Figurative Expressionist Painter Jay Milder Dies at 92

He carved out a space for himself in the downtown art scene as a bold artist and gallerist who championed contemporaries such as Claes Oldenburg and Jim Dine.

Figurative Expressionist Painter Jay Milder Dies at 92
Jay Milder (1934–2026) (all images courtesy Eric Firestone Gallery)

Jay Milder, founder of City Gallery and painter of bold abstractions that interpreted New York City life, has died at the age of 92. The news of his passing was announced by Eric Firestone Gallery, which has represented the artist since 2022. 

Milder passed away in his beloved city on Wednesday, May 27, from a stroke, according to the gallery.

Born in Omaha in 1934, Milder moved from Nebraska to New York after graduating from high school. In the decades following his arrival, Milder carved out a space for himself in the downtown art scene as a bold Figurative Expressionist and cooperative gallerist who championed informal and improvisational works.

"Jay was at the center of something,” dealer Eric Firestone told Hyperallergic in an email. “He moved through the world the way he painted: with total commitment, and on his own terms.”

"Red Subway Runner" (1964) from Milder's series Subway Runners

Milder co-founded City Gallery, an artist-run space, with Red Grooms in 1958 at the friends’ shared Flatiron loft. The gallery, which was only open through the following year, held some of the first New York shows of works by the now-revered Swedish-American sculptor Claes Oldenburg and Abstract Expressionist Jim Dine. Its roster also included Mimi Gross, Lester Johnson, and others.

The gallery marked a new age of urban, anti-establishment experimental art that punctuated New York City's art world in the late 1950s and ’60s. Melissa Rachleff Burtt, author of Inventing Downtown: Artist-Run Galleries in New York City (2017), interviewed Milder in 2013 and 2015.

“I vividly remember him describing frustration with the Tenth Street co-op scene, how the gallery he joined refused to have Claes Oldenburg as a member,” Rachleff recalled in an email to Hyperallergic. “But that frustration prompted Jay [and others] to start the City Gallery in a loft Grooms and Milder shared in Chelsea. They were savvy about getting press, and about having a large group show with established artists included.”

Jay Milder is now associated with the second generation New York School Figurative Expressionists.

In 2015, Burtt visited Milder’s studio in a large building in Pennsylvania, where she viewed his abstracted subterranean portrait series Subway Runners (1960–64), which debuted in a 1964 exhibition at Martha Jackson Gallery. The warped, emotive faces were shown again in 2022 in a solo exhibition at Eric Firestone Gallery.

“The figures were schematic characters [with] lots of personality, people crushed together somewhat incongruously,” Burtt recounted. “Exactly what the subway feels like even now.” 

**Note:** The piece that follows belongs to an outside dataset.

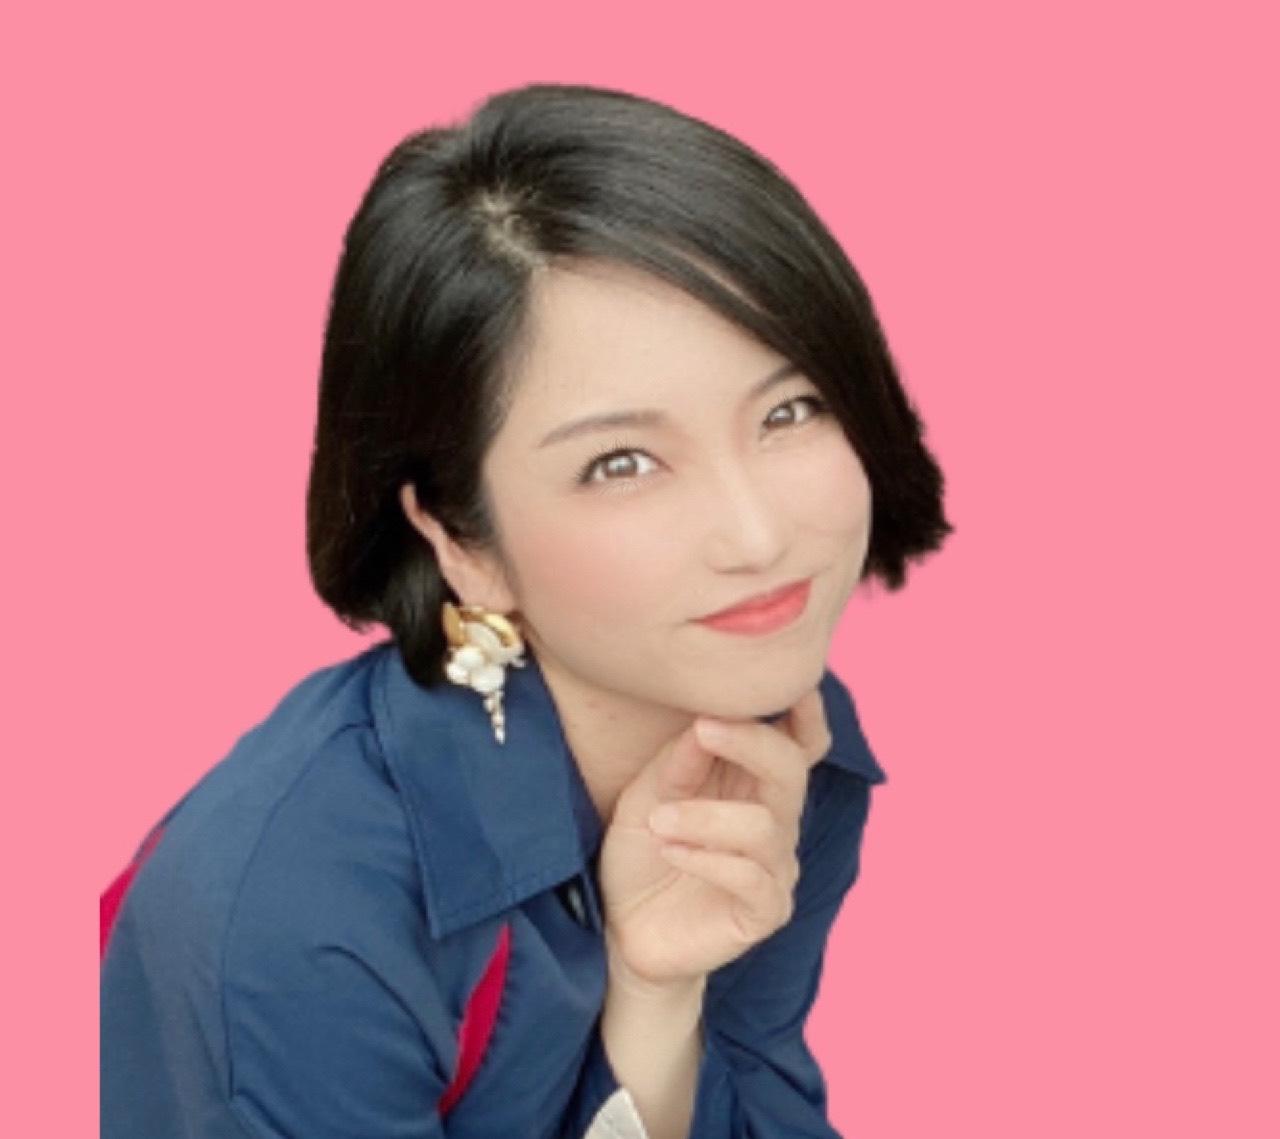 シンママ社長みーこさんのプロフィール画像

After moving to New York City as a teenager, Milder traveled to Paris, Chicago, and Provincetown in the 1950s. In France, he studied with the Russian sculptor Ossip Zadkine and Cubist painter André Lhote and recruited Ed Clark, who would become a pioneering member of the New York School, as an informal mentor. When he returned to the United States, Milder studied at the Art Institute of Chicago, meeting his future gallery partner Red Grooms during a summer he spent in Massachusetts. 

Installation view of Jay Milder, Subway Runner at Eric Firestone Gallery in 2022

Works by Milder, now associated with a “second-generation New York School” Figurative Expressionism, according to Eric Firestone, are held in the collections of major institutions, including the Brooklyn Museum and the New Museum.

Burtt recalled learning that Milder’s grandfather was a Jewish mystic, who exerted an undeniable influence on his craft. He often invoked Kabbalistic, or Jewish mystical, numerology in his paintings. “This mysticism, this spirit of seeking, is fundamental to Jay, as well as his playfulness and love of urban places,” Burtt said.

Curator and Milder's close friend Martha Henry remembered Milder as "funny and generous," quipping that the painter enjoyed "dancing to reggae and salsa, despite knowing none of the steps."

"He believed that painting was a spiritual and regenerative act," Henry told Hyperallergic. "That view may seem almost quaint today because it is so distant from the cynicism and loss of faith that permeate contemporary life."

Milder, born in Nebraska, moved to New York as a teenager.